Robert P. Langlands receives American Mathematical Society Steele Prize.

By: David Campbell
   Institute for Advanced Study mathematician Robert P. Langlands has been awarded the American Mathematical Society’s 2005 Leroy P. Steele Prize for a Seminal Contribution to Research, the institute has announced.
   The Steele Prize is one of the highest distinctions in mathematics, according to the AMS. Three are awarded annually to mathematicians working in the United States in recognition of lifetime achievement, mathematical exposition and seminal contribution to research, for which Dr. Langlands, who is Hermann Weyl Professor of Mathematics at the institute, was honored.
   In granting its award, the AMS cited Dr. Langlands’ groundbreaking 1970 paper, "Problems in the theory of automorphic forms."
   This paper launched what has become known as the Langlands Program, a series of conjectures that posit relations among seemingly unrelated concepts in number theory, algebraic geometry and the theory of automorphic forms, the institute said. According to the AMS, the Langlands conjectures provide a unifying principle for investigations in different areas.
   Mathematicians have been working on these conjectures for the past three decades, the institute said.
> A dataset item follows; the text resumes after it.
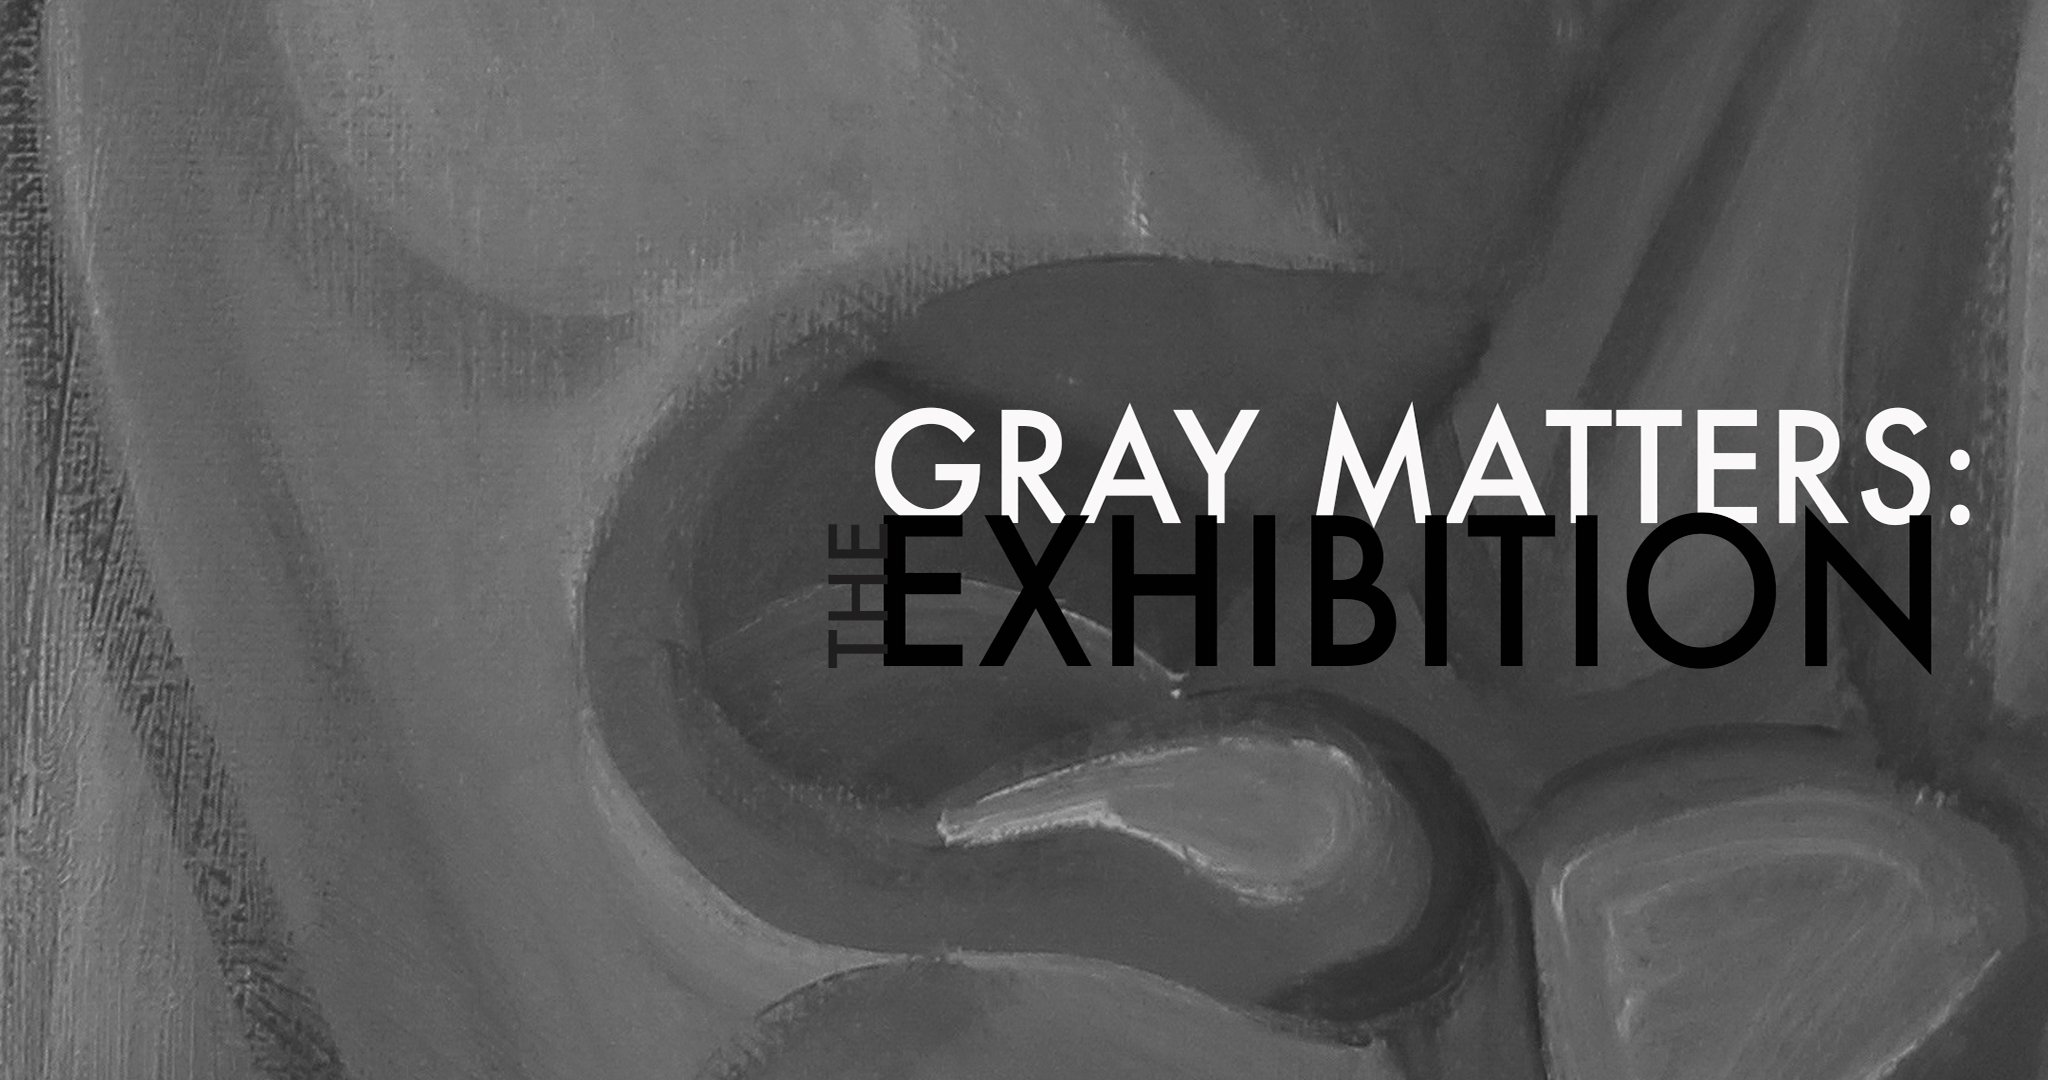 GRAY MATTERS: THE EXHIBITION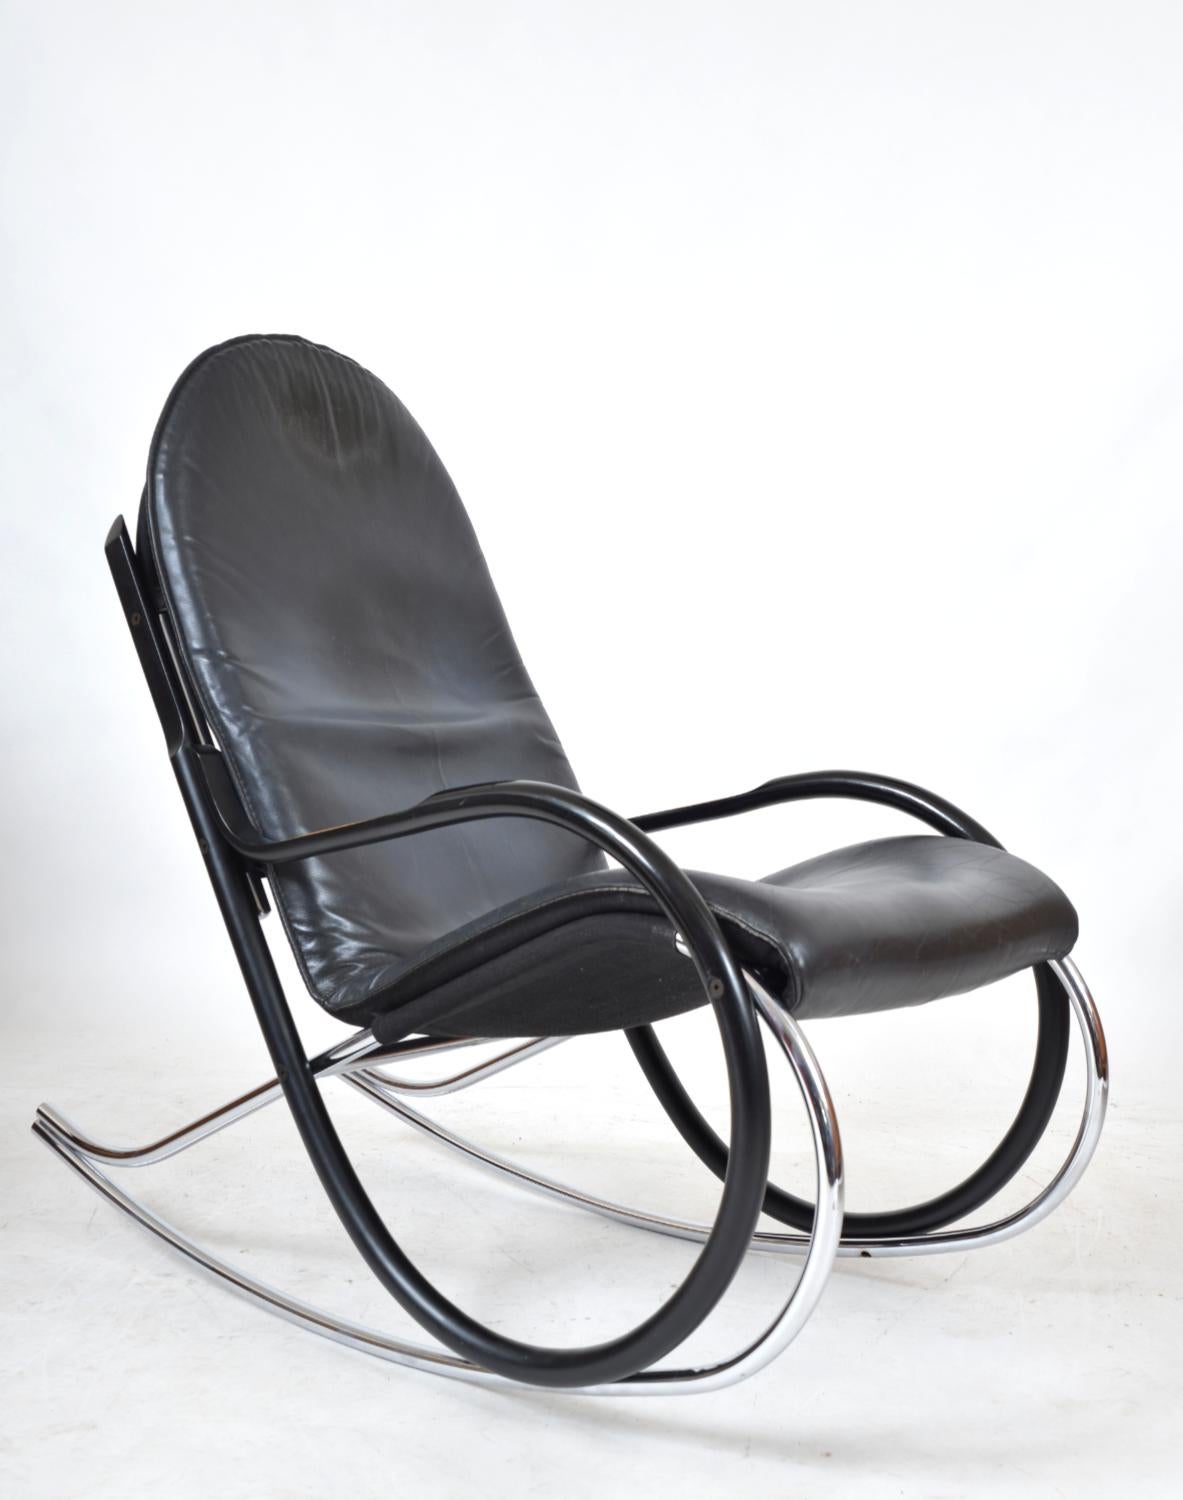 1970s Paul Tuttle Nonna Rocking Chair for Strässle International Chrome Rocker In Good Condition For Sale In Sherborne, Dorset

   "As a result of this paper, the systematic relation between global and local theory and the systematic use of adele groups became fixtures in the subject," the AMS award citation states. "It’s hard to think of any other instance in the history of mathematics where conjectures gave so accurate a road map of what would turn out to be true in so many different situations. And few other conjectures have generated so much research of such high quality."
   Dr. Langlands is a graduate of the University of British Columbia and received his doctorate from Yale University. He taught at Princeton and Yale universities before joining the institute faculty in 1972.
   His previous honors include the AMS’s Cole Prize in 1982, the Common Wealth Award in 1984 and the first National Academy of Sciences Award in Mathematics in 1988. He also received the Wolf Prize in Mathematics in 1996, jointly with Andrew Wiles, and the Grande Médaille d’Or of the Paris Academy of Sciences in 2000, the institute said.
   Past recipients of the Steele Prize include current institute faculty members Phillip A. Griffiths in 1971, and Robert MacPherson in 2002, jointly with institute member Mark Goresky. Former faculty members Armand Borel, John W. Milnor, André Weil and Hassler Whitney, as well as numerous institute members, have also been recipients, the institute said.
   The AMS was founded in 1888 to further mathematical research and scholarship. The 29,000-member society’s programs and services seek to promote mathematical research, strengthen mathematical education, and foster awareness and appreciation of mathematics and its connections to other disciplines and to everyday life, according to the AMS Web site.